EBGP Multihop TTL vs. TCP accept()
Hello, I've just spent a while trying to debug a BGP session not coming up with bird, it turns out I had mistakenly set the multihop setting to "1" instead of "2" -- my fault. However, the reason it took me so long to realise this error was because the TCP session is established, with default connection parameters, THEN the TTL limit is assigned to the skb. As far as I'm aware, with TCP sockets in both Linux and BSD, the connections are already established when accept() returns a new connection. As I understand it, that's why inbound connections can't be filtered by the incoming source address either until the TCP session is already established, which usually means iptables/pf rules on the box synced with whoever the configured peers are. Which tends to lead to log spam when [known security company] does yet another scan of global address space for open BGP neighbours and fires a bunch of alerts... This may be a case of "that's just what you have to live with" but I was wondering if there's an alternative? Obviously libwrap0 (tcp-wrappers) won't help here because that also just processes a rule-set after accept() -- it's presumably something that needs to be addressed in the kernel. In any case, you can't set the TTL on a listen() for the SYN-ACK that is returned on a SYNC as far as I'm aware, unless you modify the default TTL for all TCP connections, you can't even set it with "ip route" or "route" on a per-destination basis. How do other people handle this situation? Do they create iptables/pf/whatever rules dynamically generated from their bird.conf for neighbor access control? How about ebgp multihop -- or does everyone just set it to 16/64 and forget about it? Or do people largely not care? M
On 2017 Aug 16 (Wed) at 21:17:22 +0200 (+0200), Matthew Walster wrote: :Hello, : :I've just spent a while trying to debug a BGP session not coming up with :bird, it turns out I had mistakenly set the multihop setting to "1" instead :of "2" -- my fault. : :However, the reason it took me so long to realise this error was because :the TCP session is established, with default connection parameters, THEN :the TTL limit is assigned to the skb. As far as I'm aware, with TCP sockets :in both Linux and BSD, the connections are already established when :accept() returns a new connection. : :As I understand it, that's why inbound connections can't be filtered by the :incoming source address either until the TCP session is already :established, which usually means iptables/pf rules on the box synced with :whoever the configured peers are. Which tends to lead to log spam when :[known security company] does yet another scan of global address space for :open BGP neighbours and fires a bunch of alerts... : :This may be a case of "that's just what you have to live with" but I was :wondering if there's an alternative?
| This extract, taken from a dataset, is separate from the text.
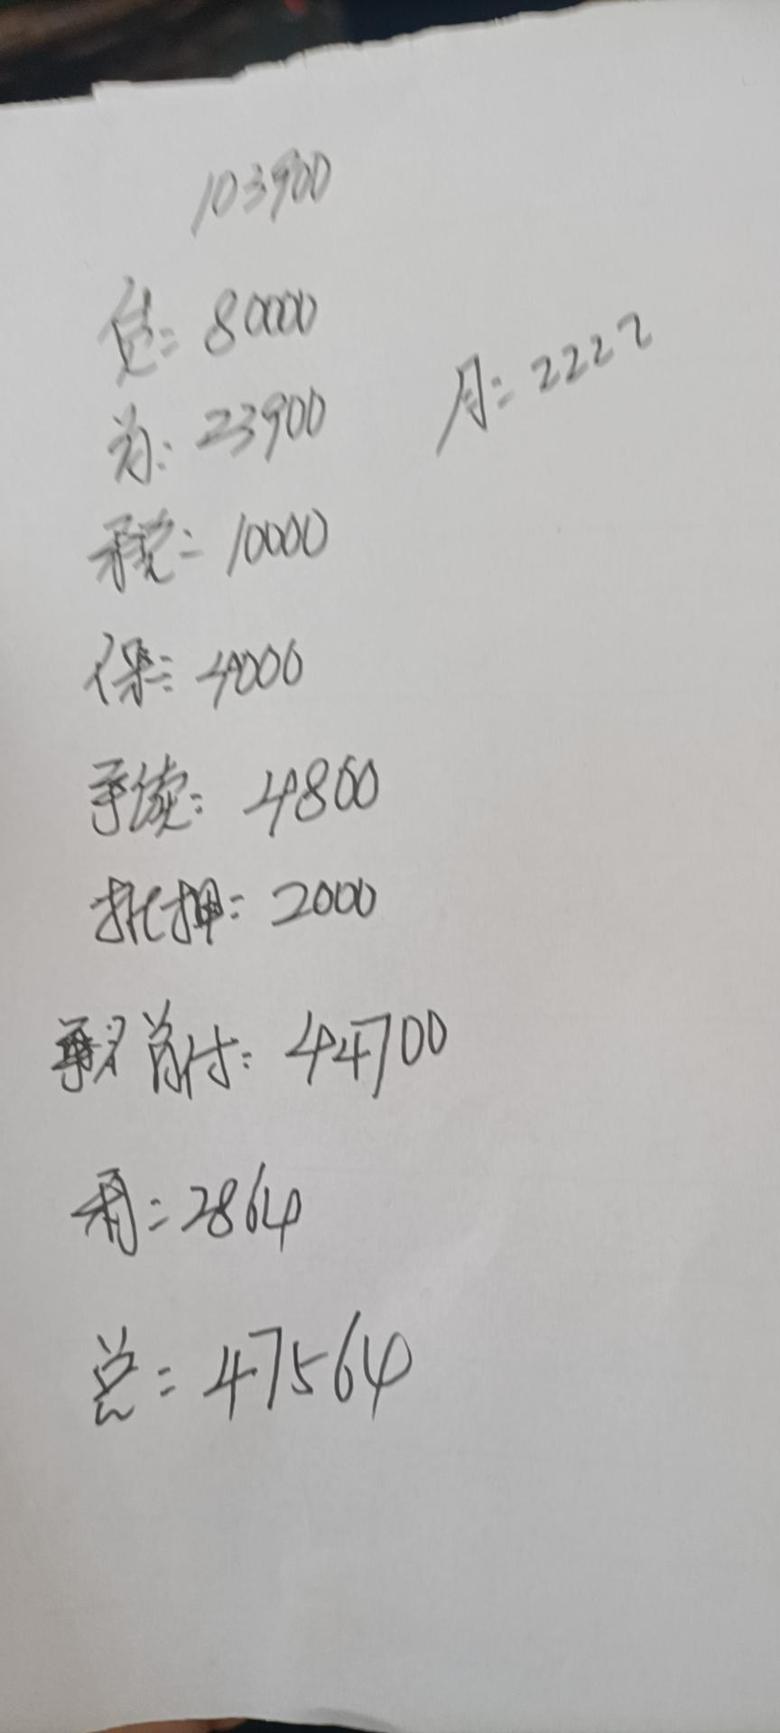 奕炫max 首付42000分36期月供2200能入手嘛第一次买???潮爸版
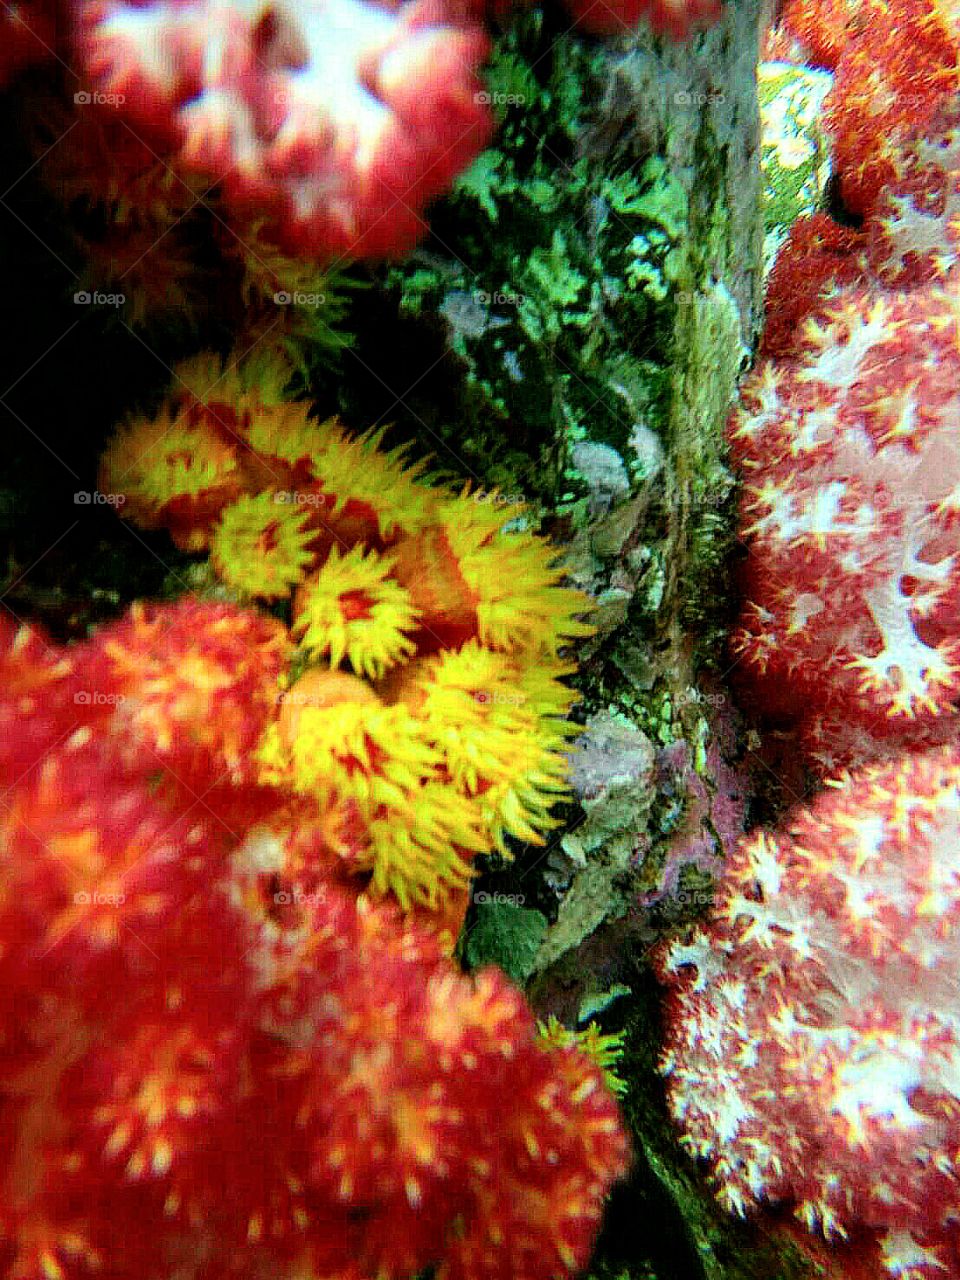 Ten color coral

Obviously libwrap0 (tcp-wrappers) :won't help here because that also just processes a rule-set after accept() :-- it's presumably something that needs to be addressed in the kernel. In :any case, you can't set the TTL on a listen() for the SYN-ACK that is :returned on a SYNC as far as I'm aware, unless you modify the default TTL :for all TCP connections, you can't even set it with "ip route" or "route" :on a per-destination basis. : :How do other people handle this situation? Do they create :iptables/pf/whatever rules dynamically generated from their bird.conf for :neighbor access control? How about ebgp multihop -- or does everyone just :set it to 16/64 and forget about it? Or do people largely not care? : :M in OpenBGPD, we set the TTL related socket options before we call listen(), so it is always set before the connection happens. -- Anyone can do any amount of work provided it isn't the work he is supposed to be doing at the moment. -- Robert Benchley
participants (2)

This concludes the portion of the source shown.